In 1972, Bales and several other cabinet ministers were accused of being in a conflict of interest over property they owned. In Bales' case he was accused of having purchased land in Markham, Ontario in 1969 while the Cabinet was considering development plans in the area. Bales offered to resign from cabinet but his resignation was refused. The incidents resulted in Davis issuing the province's first conflict of interest guidelines for cabinet ministers and later parliamentary assistants to follow.

He was dropped from cabinet in 1974 during a major cabinet shuffle. Bales cited declining health and a minor heart attack in 1973 as the reasons for requesting a reduction in his responsibilities.
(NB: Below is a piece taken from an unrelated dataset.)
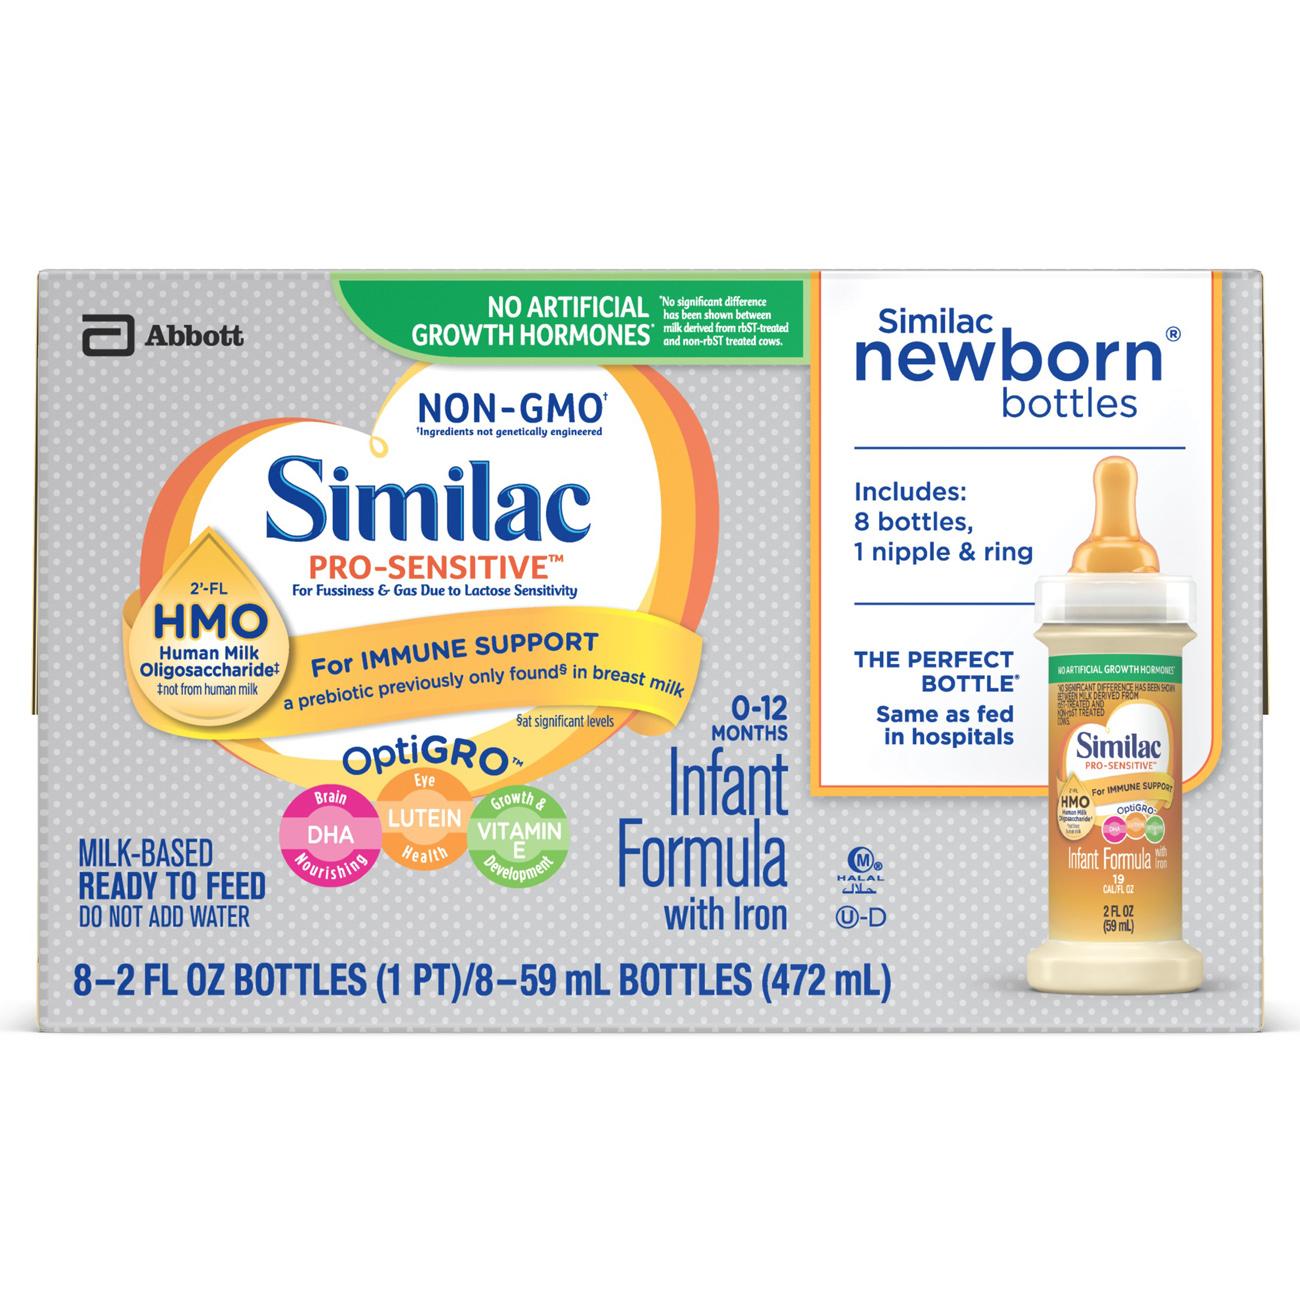 Similac Pro-Sensitive Non-GMO with 2'-FL HMO Infant Formula 2 oz Bottles (Pack of 8)
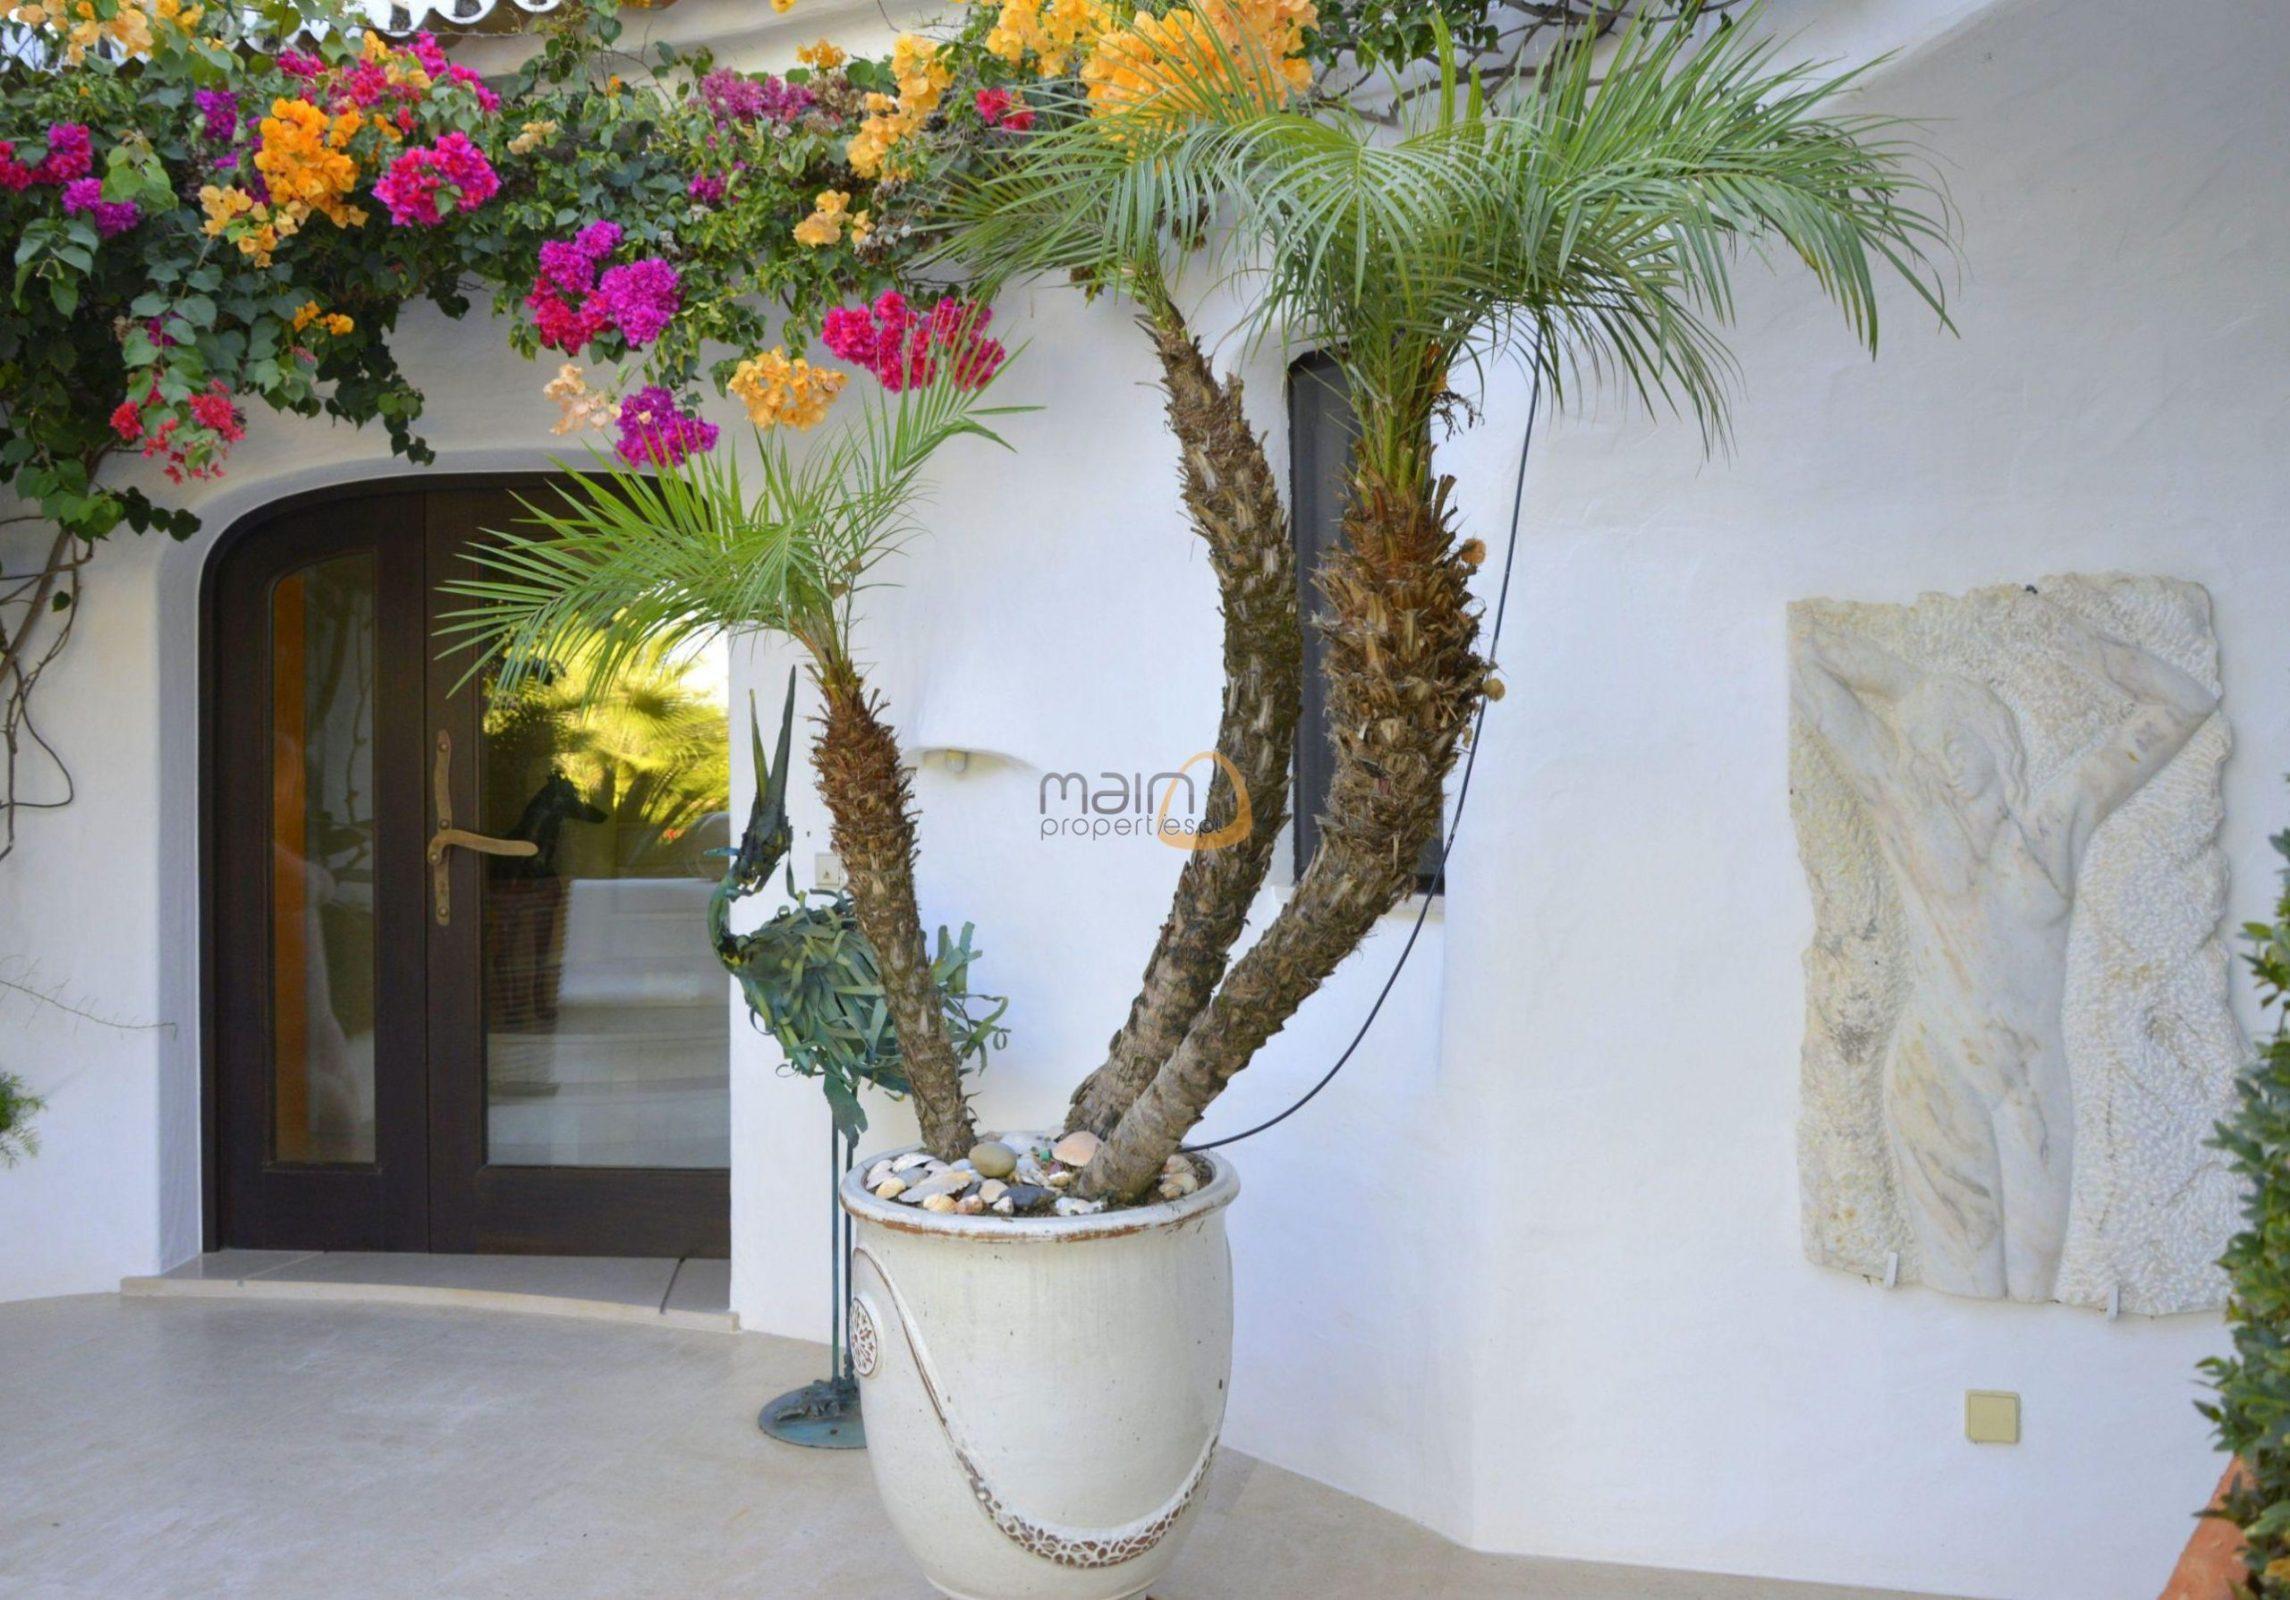 [:pt]Moradia com 5 quartos na Quinta do Lago :: Entrada 2 :: MainProperties :: 020061[:en]villa-quinta-do-lago-algarve-portugal-020061-13[:]

He left politics the next year to return to his legal practice.

===Cabinet posts===

Davis ministry, Province of Ontario (1971–1985)
Cabinet posts (2)
| Predecessor | Office | Successor |
| Allan Lawrence | Attorney General 1972–1974 Minister of Justice February–April 1972 | Bob Welch |
| Darcy McKeough | Minister of Municipal Affairs 1971–1972 | Darcy McKeough |
Robarts ministry, Province of Ontario (1961–1971)
Cabinet post (1)
| Predecessor | Office | Successor |
| Leslie Rowntree | Minister of Labour 1966–1971 | Gordon Carton |

==Later life==
Bales died at the age of 59 when he was struck by a car while attempting to cross Bayview Avenue in Toronto.